Mean values of multiplicative functions and applications to residue-class distribution

TL;DR

This paper establishes uniform bounds on sums of multiplicative functions and applies these results to analyze the distribution of the Alladi-Erdős function and Euler totient function across residue classes, revealing near-optimal and quantifiable distribution behaviors.

Contribution

It provides a general uniform bound on multiplicative function sums and applies it to residue-class distribution problems for specific arithmetic functions.

Findings

Nearly optimal estimate for the count of integers with a given residue class value of A(n).

Quantitative results on the equidistribution of φ(n) among coprime residue classes.

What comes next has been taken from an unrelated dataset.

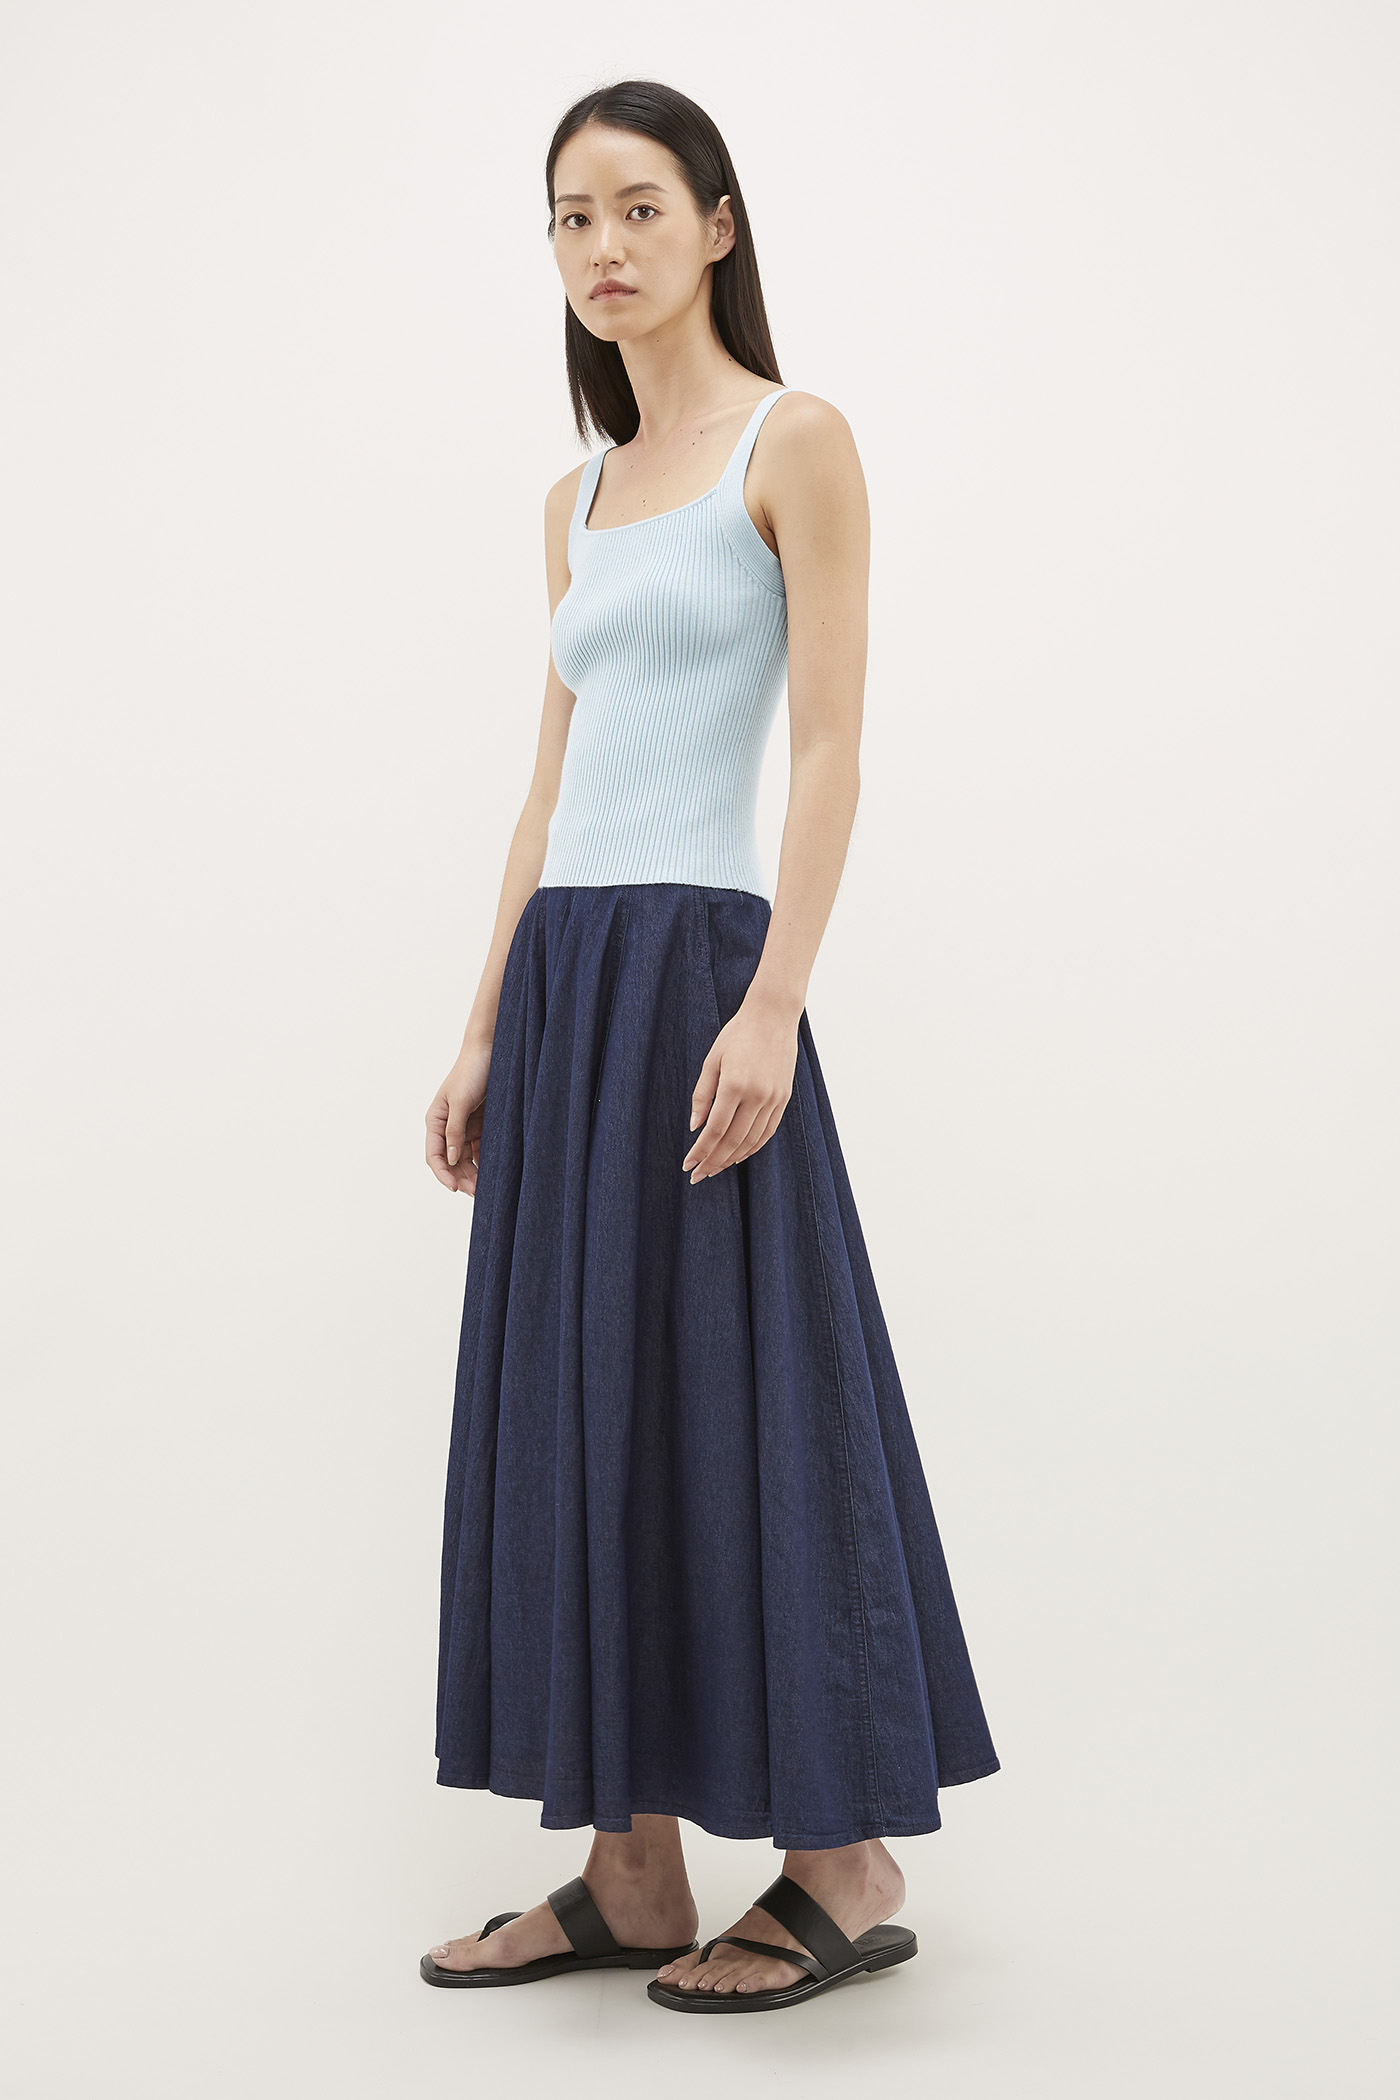 Dinaz Circular Skirt

Analysis of the failure of equidistribution for certain moduli.

Abstract

We provide a uniform bound on the partial sums of multiplicative functions under very general hypotheses. As an application, we give a nearly optimal estimate for the count of $n \le x$ for which the Alladi-Erd\H{o}s function $A(n) = \sum_{p^k \parallel n} k p$ takes values in a given residue class modulo $q$, where $q$ varies uniformly up to a fixed power of $\log x$. We establish a similar result for the equidistribution of the Euler totient function $\phi(n)$ among the coprime residues to the "correct" moduli $q$ that vary uniformly in a similar range, and also quantify the failure of equidistribution of the values of $\phi(n)$ among the coprime residue classes to the "incorrect" moduli.